Notes: We test this class at Intersystems by using murmur hash with a seed of hll.#SEED:
$zcrc(yourdata,9,2059198193) or $zcrc(yourdata,9,hll.#SEED)
The underlying library uses 64 bits of this 128 bit hash.

Estimate Partitioning: pass an existing sketch into %New to initialize its state
from the standard serialized form (optionally Base64 encoded).
To combine estimates get and merge your sketches, if your data is distributed
across many processes.

Parameters

ENCODE

Parameter ENCODE = 1;

Whether or not to Base64 encode/decode by default during get and %New

SEED

Parameter SEED = 2059198193;

Murmur hash seed to use for $zcrc(,9,)

%MODULENAME

Parameter %MODULENAME [ Internal ] = 15;

Properties

id

Property id As %Integer [ Internal, ReadOnly ];

Internal identifier of allocated memory for this HLL sketch's representation as managed by the callout library

type

Property type As %String [ Calculated, ReadOnly ];

Whether the estimator is currently sparse or dense

precision

Property precision As %Integer [ Calculated, ReadOnly ];

Precision of the estimator

libIndex

Property libIndex As %Integer [ Internal, MultiDimensional, Private ];

Index of $zf(-4) addresses

Methods

getFunctionID

Method getFunctionID(function As %String) As %Integer [ Internal ]

getLibraryID

ClassMethod getLibraryID() As %Integer [ Internal ]

%OnNew

Method %OnNew(sketch As %Binary = "", decode As %Boolean = {..#ENCODE}, Output err As %String = "") As %Status

Creates the memory and sets id for a new sketch. If you pass the sketch parameter, the new sketch will be initialized with the serialized sketch you passed in.

updateHash

Method updateHash(hash As %Binary) As %Integer [ Language = cpp ]

Updates this sketch with the user supplied hash value
Use $zcrc(yourdata,9,2059198193) or $zcrc(yourdata,9,hll.#SEED) to get the hash.

update

Method update(stringdata As %Binary) As %Integer [ Language = cpp ]

Updates this sketch with the $zcrc(,9,) hash of the stringdata. Hash done inside API.

merge

Method merge(other As %SQL.HLL, Output err As %String = "") As %Status

Merges the supplied sketch object into the current one. This merges the cardinality estimates.

estimate

Method estimate(Output err As %String = "") As %Integer

Returns the current unique value estimate (cardinality) for this sketch.

get

Method get(encode As %Boolean = {..#ENCODE}, Output err As %String = "") As %Binary

Returns the serialized form of the current sketch so that multiple sketches can be merged. Potentially you might obtain the sketch from a different process.

releaseSketch

Method releaseSketch(Output err As %String = "") As %Status [ Internal ]

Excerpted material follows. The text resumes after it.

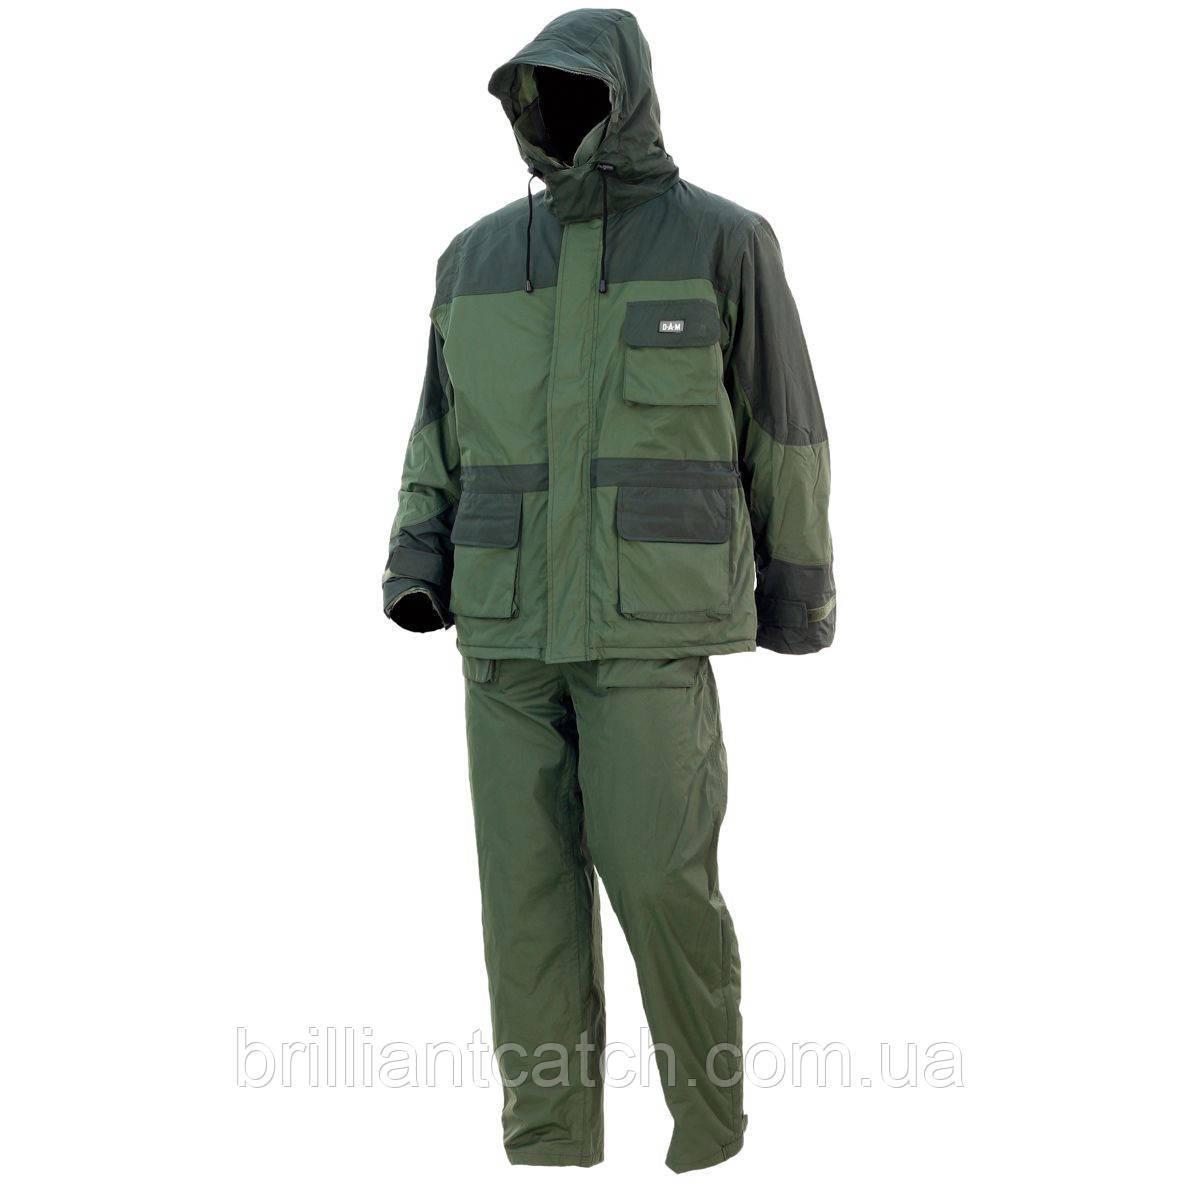 Костюм зимний DAM Thermo куртка+полукомбинезон  XXL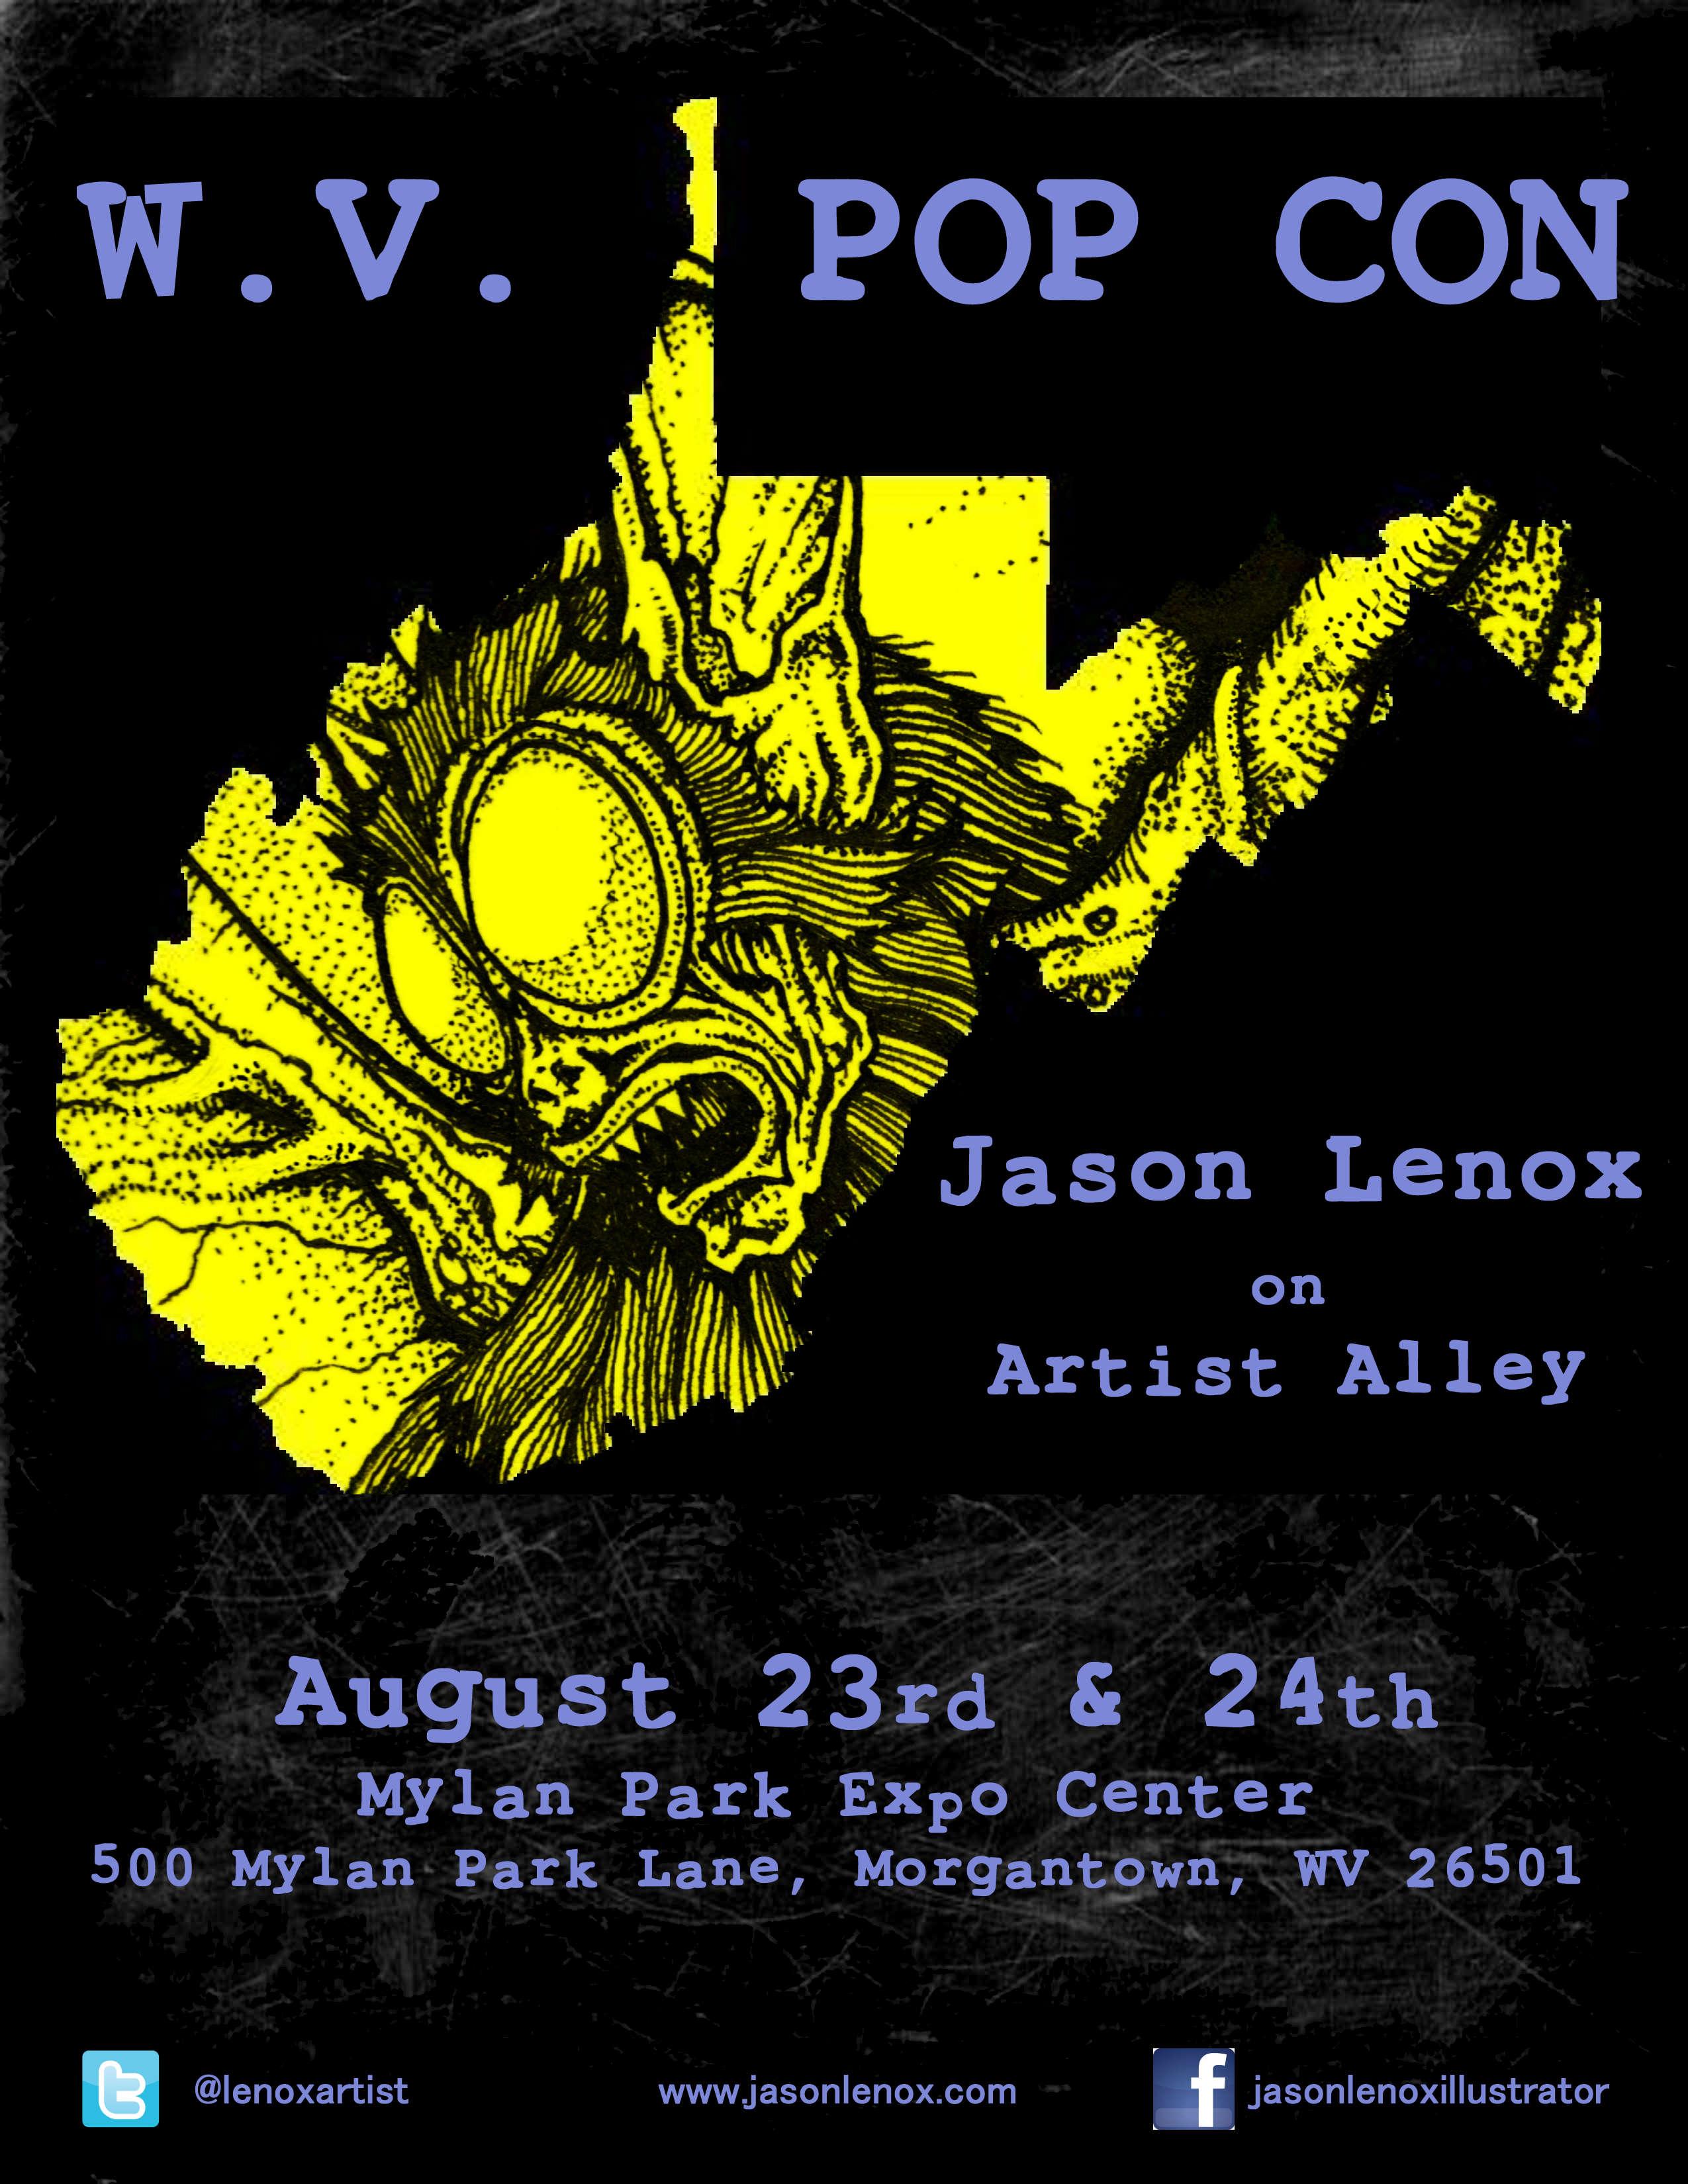 Poster design using gimp - Jason Lenox Wvpop Con Poster Small

Frees up the memory associated with this sketch. After this method has been called, subsequent calls for this sketch will yield a error. This method is called implicitly by the object destructor.

info

Method info(Output type As %String, Output precision As %String, Output err As %String) As %Status [ Internal ]

Helper method to retrieve metadata for the current sketch.

typeGet

Method typeGet() As %String [ Internal, ServerOnly = 1 ]

precisionGet

Method precisionGet() As %Integer [ Internal, ServerOnly = 1 ]

%OnClose

Method %OnClose() As %Status

version

ClassMethod version() As %Integer

Returns the version of the underlying callout library.